# What the task requires:
An exact copy is required of every line from the one with "Roma Pride 2024, manifesto" through the end of the data below, and the pictures must stay out of it.

# Data provided:
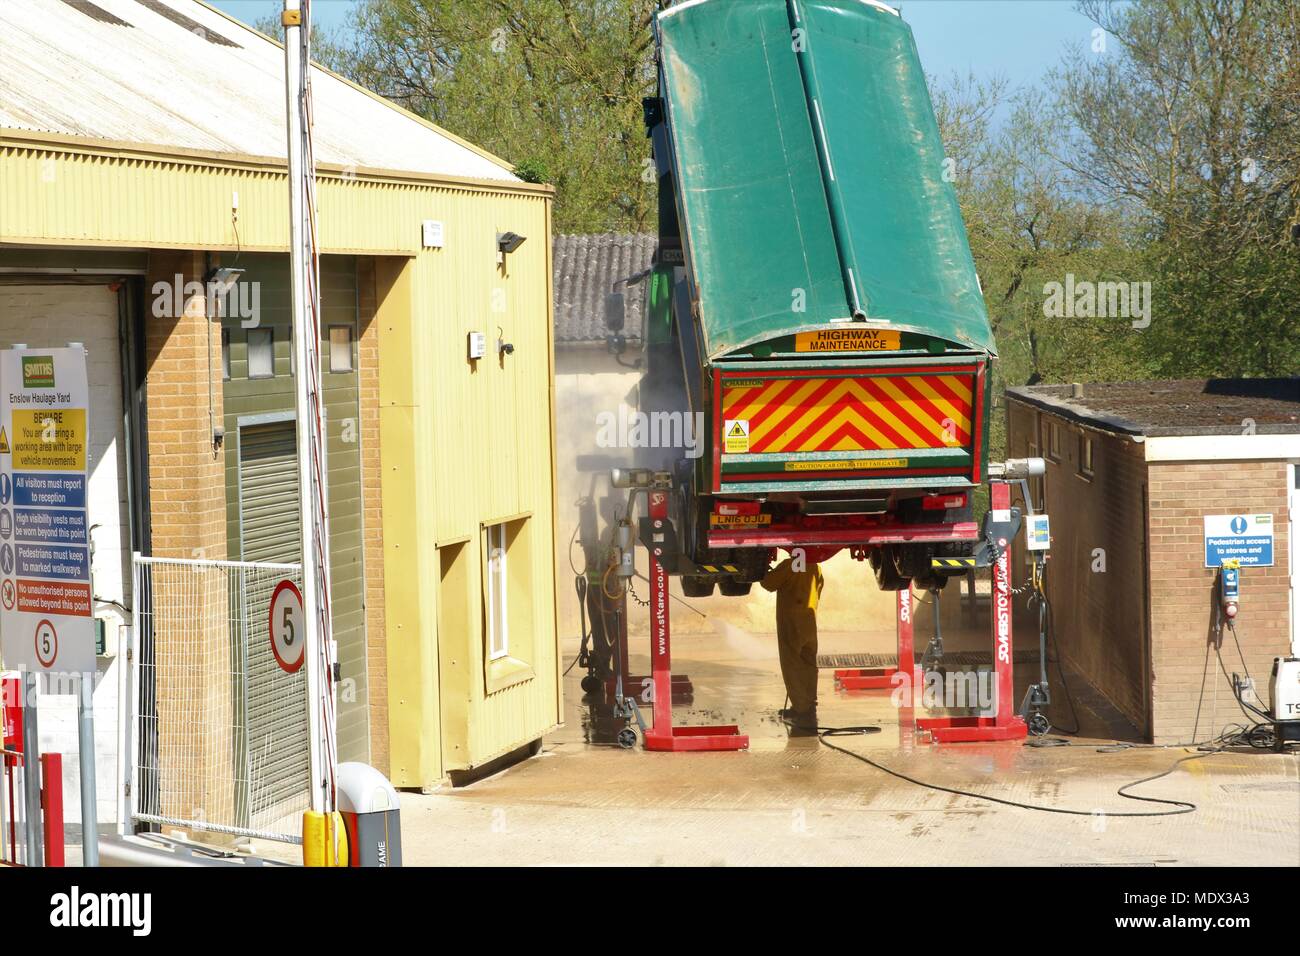 Ansicht einer Smiths Bletchingdon lkw-Rampe mit der Rückseite des Lkw auf  Achse mit Mann unter Reinigung gewaschen wird angehoben Stockfotografie -  Alamy
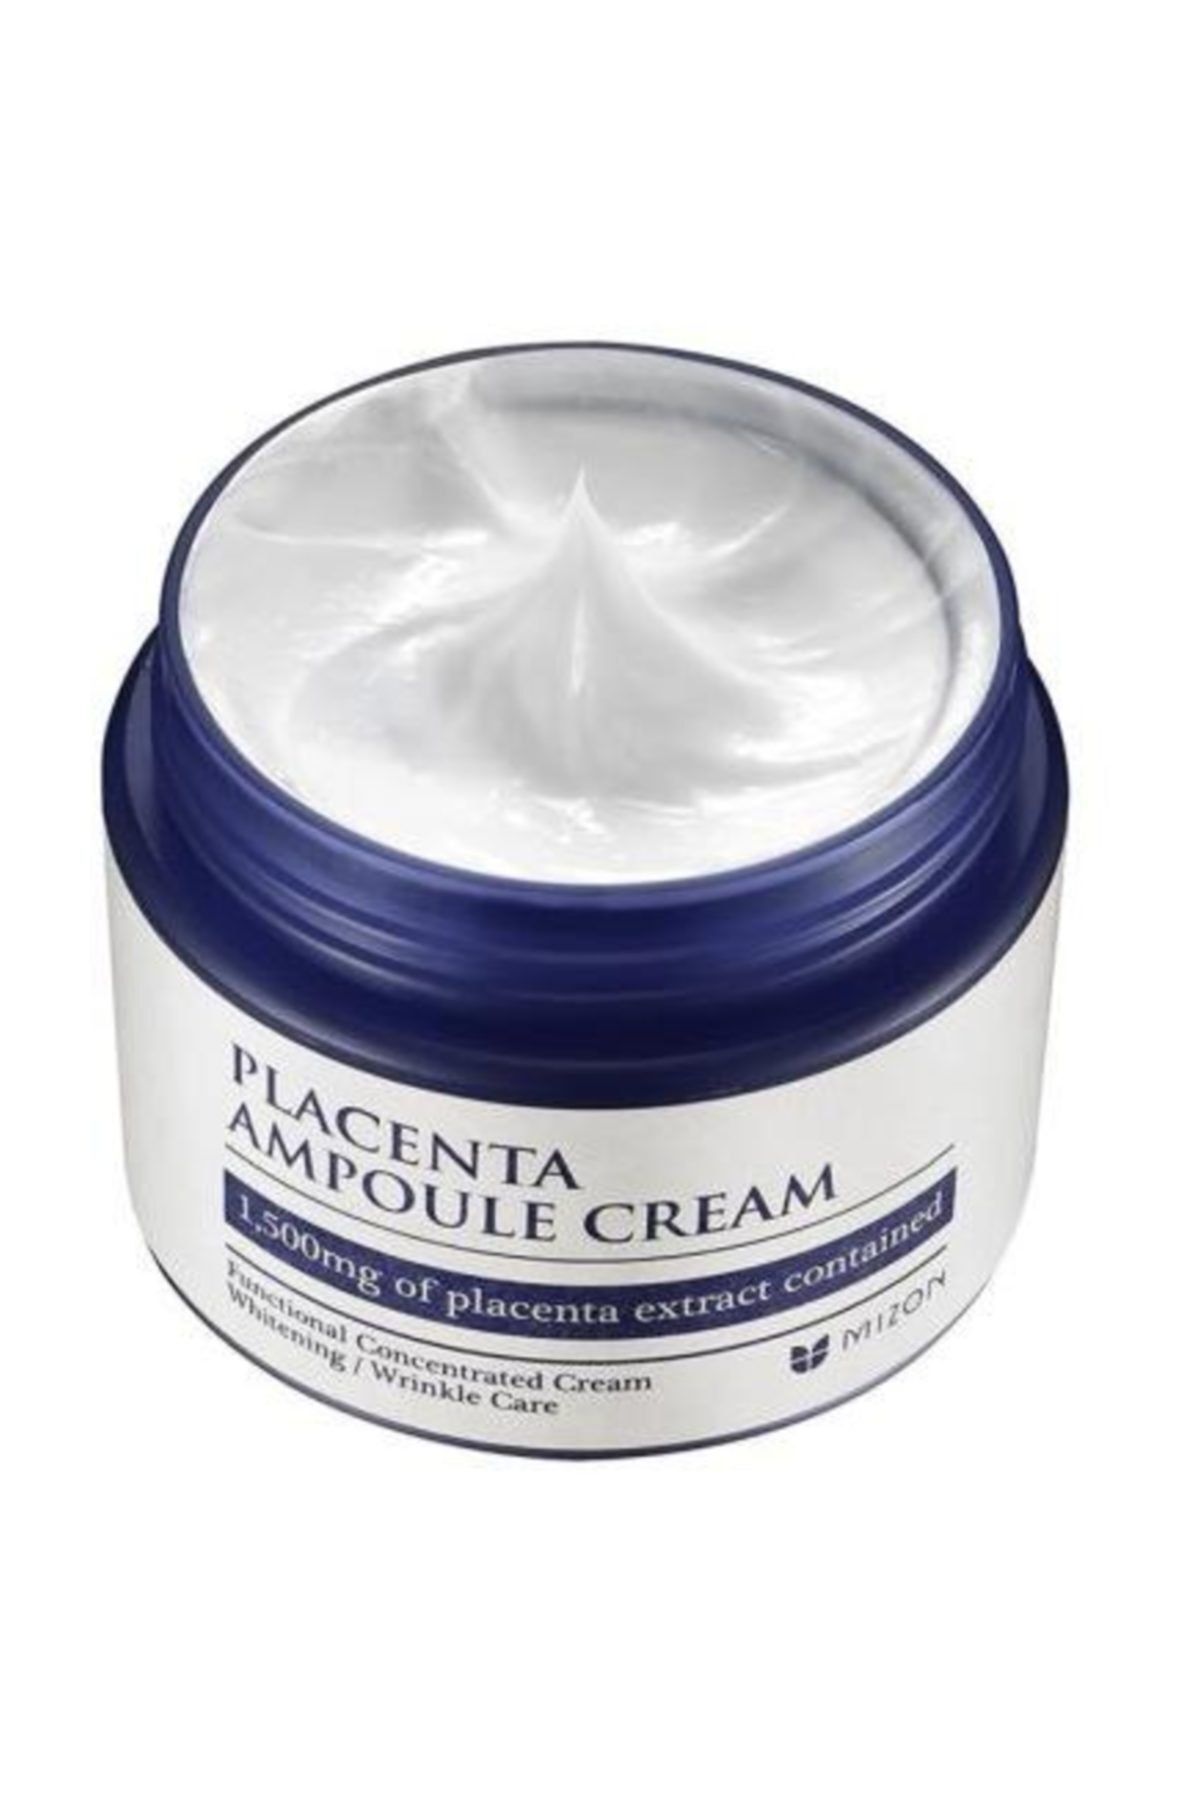 Питательный крем маска. Placenta Ampoule Cream. Крем placenta Корея. Плацентарный крем Mizon. Крем Мизон Корея для лица.
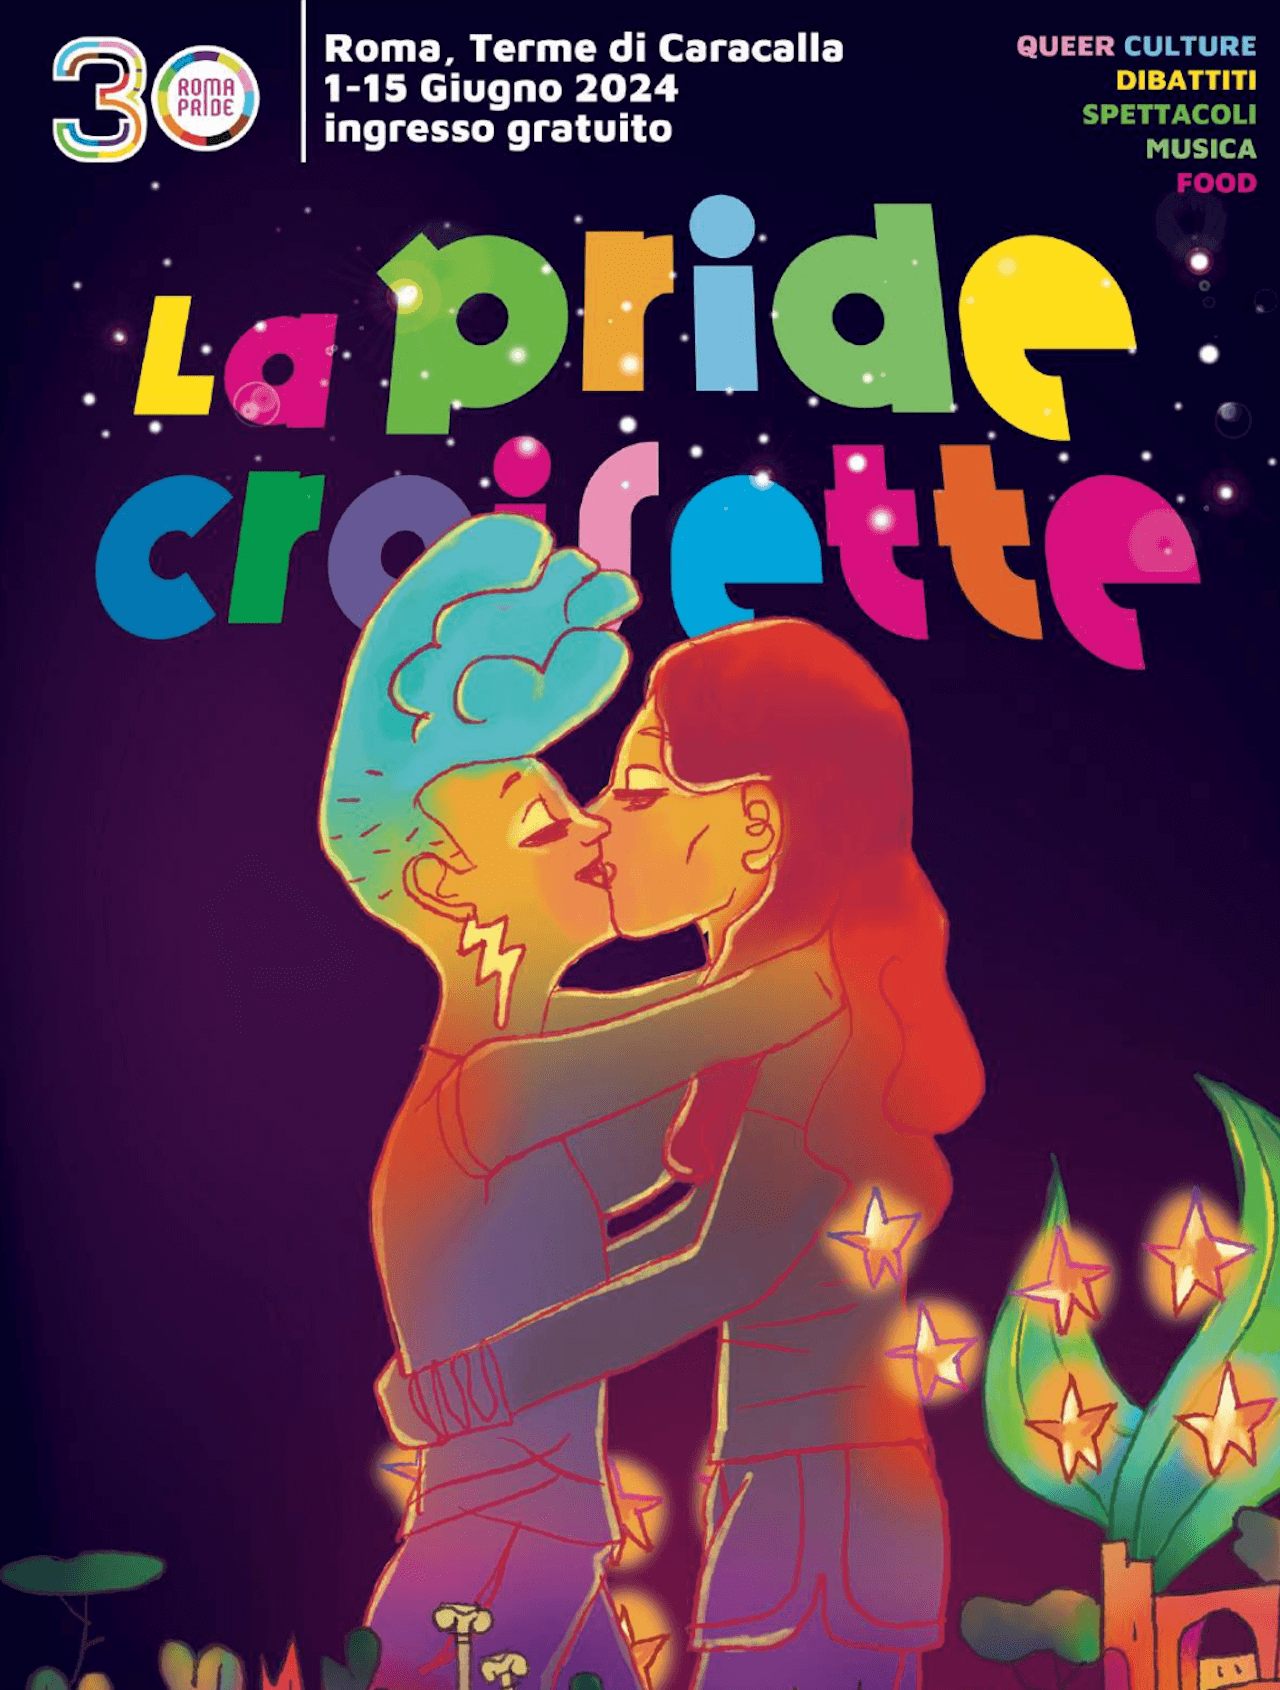 Roma Pride 2024, manifesto politico, nuovo percorso e via alla Pride Croisette con Patty Pravo - Pride Croisette logo - Gay.it
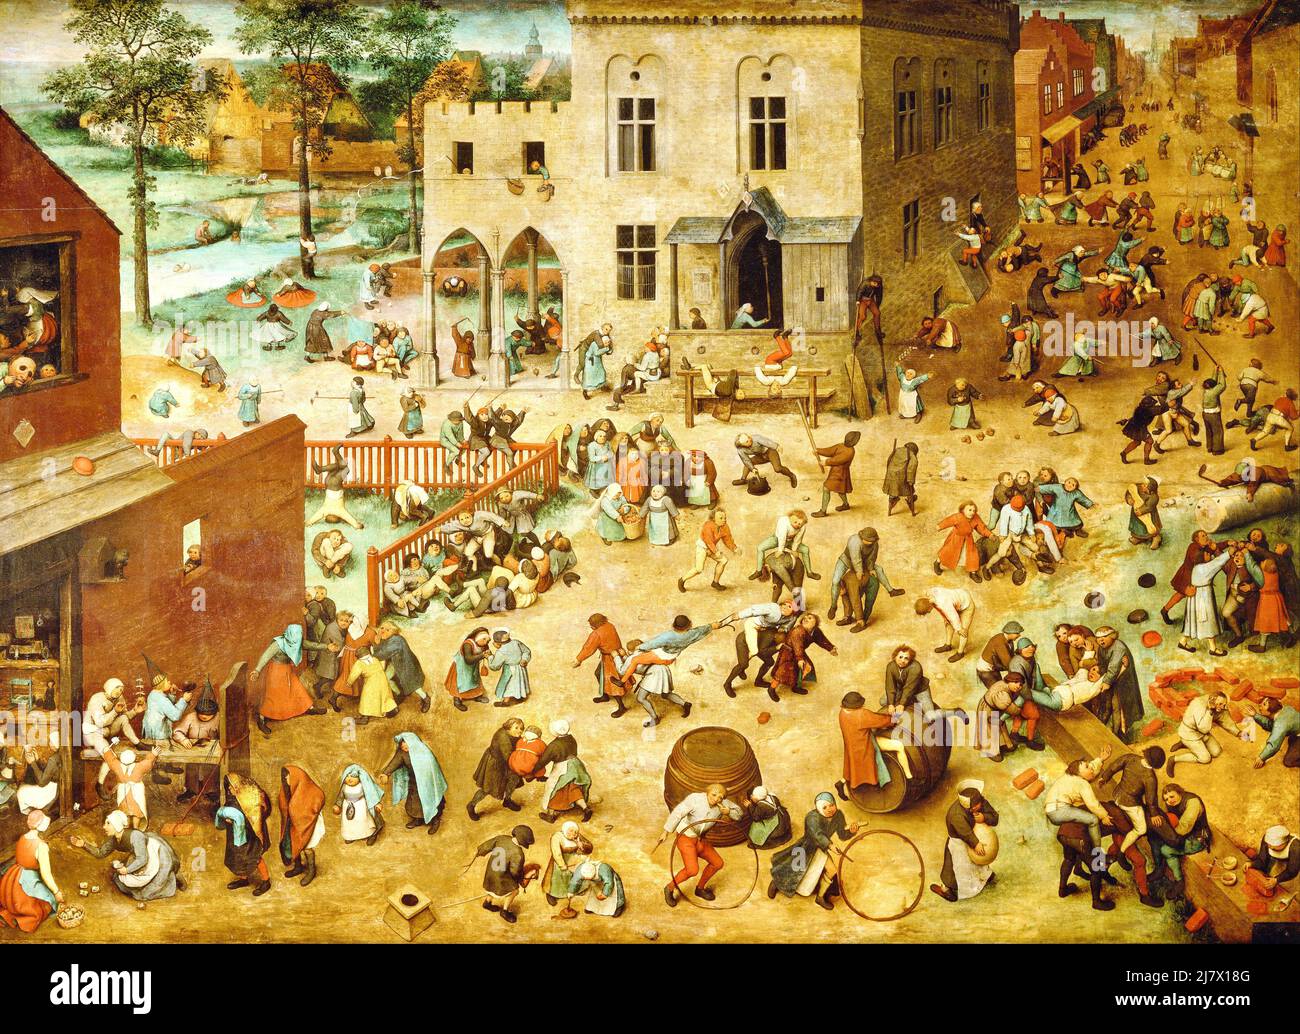 Pieter Bruegel the Elder - Children's Games - 1560 Stock Photo

# Completed exercise:
 Roma Pride 2024, manifesto politico, nuovo percorso e via alla Pride Croisette con Patty Pravo - Pride Croisette logo - Gay.it
 Pieter Bruegel the Elder - Children's Games - 1560 Stock Photo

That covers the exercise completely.